In order to internalize molecules from the extracellular space, cells also use endocytic processes, where cargo material is engulfed by an invagination of the plasma membrane. In general, two main types of endocytosis are classified depending on the size of ingested material and in the following of formed endocytic vesicles. The ingestion of larger particles such as microorganisms is accomplished by phagocytosis, which is most efficiently performed by specialized phagocytic cells. In contrast, pinocytosis allows for the uptake of fluids and small solutes.Citation37 Endocytosis could be mediated via receptors or adsorption (onto the cellular surface due to electrostatic interactions). For example, multiple mechanisms for the internalization of Candida albicans or HIV in oral epithelial cells were shown.
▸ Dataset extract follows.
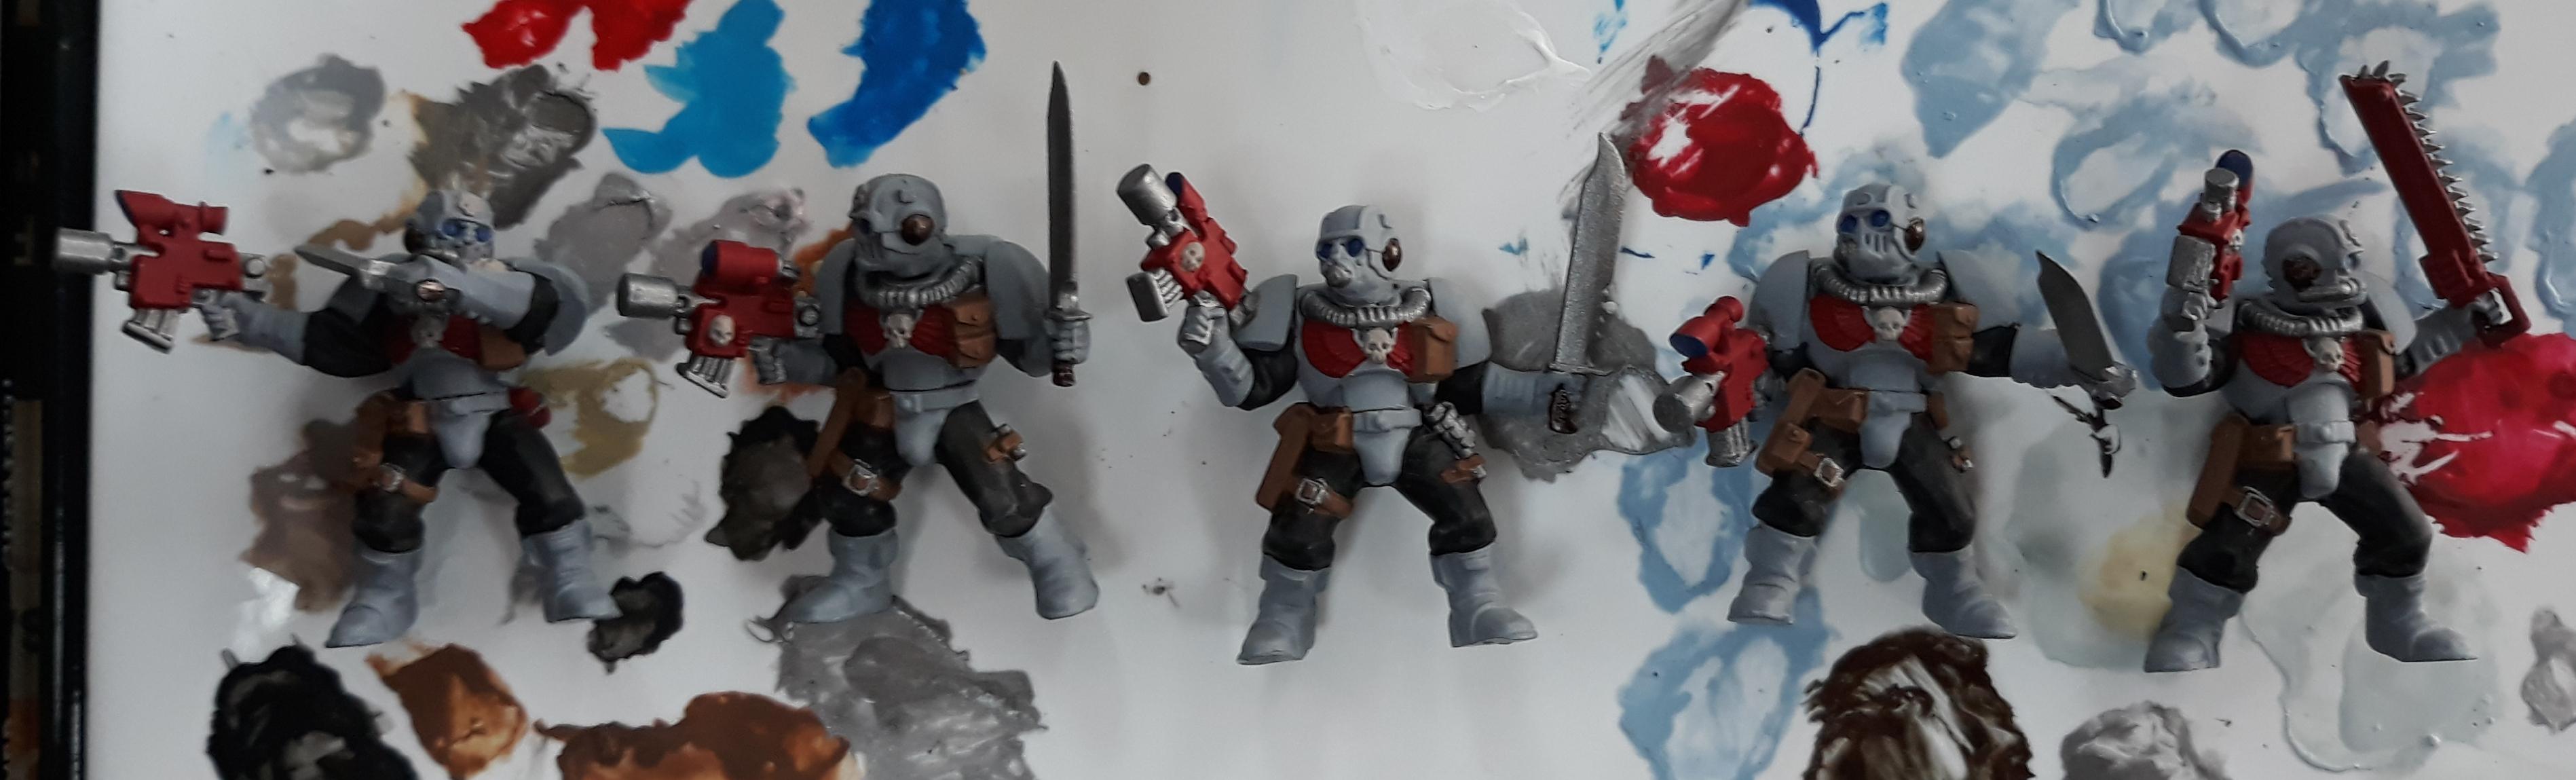 Scouts WIP 3

Fungal invasins derived from Candida albicans stimulated epidermal growth factor receptor which caused rearrangement of the epithelial microfilaments and the formation of pseudopods taking up the fungus into the epithelial cells. In case of HIV, several pathways such as clathrin-, caveolin/lipid raft-associated endocytosis and micropinocytosis were involved in the epithelial uptake of the virusCitation38,Citation39,Citation40 The transferrin receptor (TfR) is another receptor relevant for endocytosis at the oral epithelium. TfR was used as a marker for oral epithelial cells and was reported to mediate the uptake of Porphyromonas gingivalis, a well-known periodontal pathogen. Some drug delivery strategies tried to exploit receptor-mediated endocytosis. For example, nanoparticles decorated with transferrin aimed at binding to the transferrin receptor and to increase the uptake of these nanoparticles via TfR-mediated endocytosis into epithelial cells.Citation41,Citation42,Citation43 In this context, endocytic transport processes have not been extensively studied across the BSBs and comprehensive investigations of endocytosis at the BSB are still missing.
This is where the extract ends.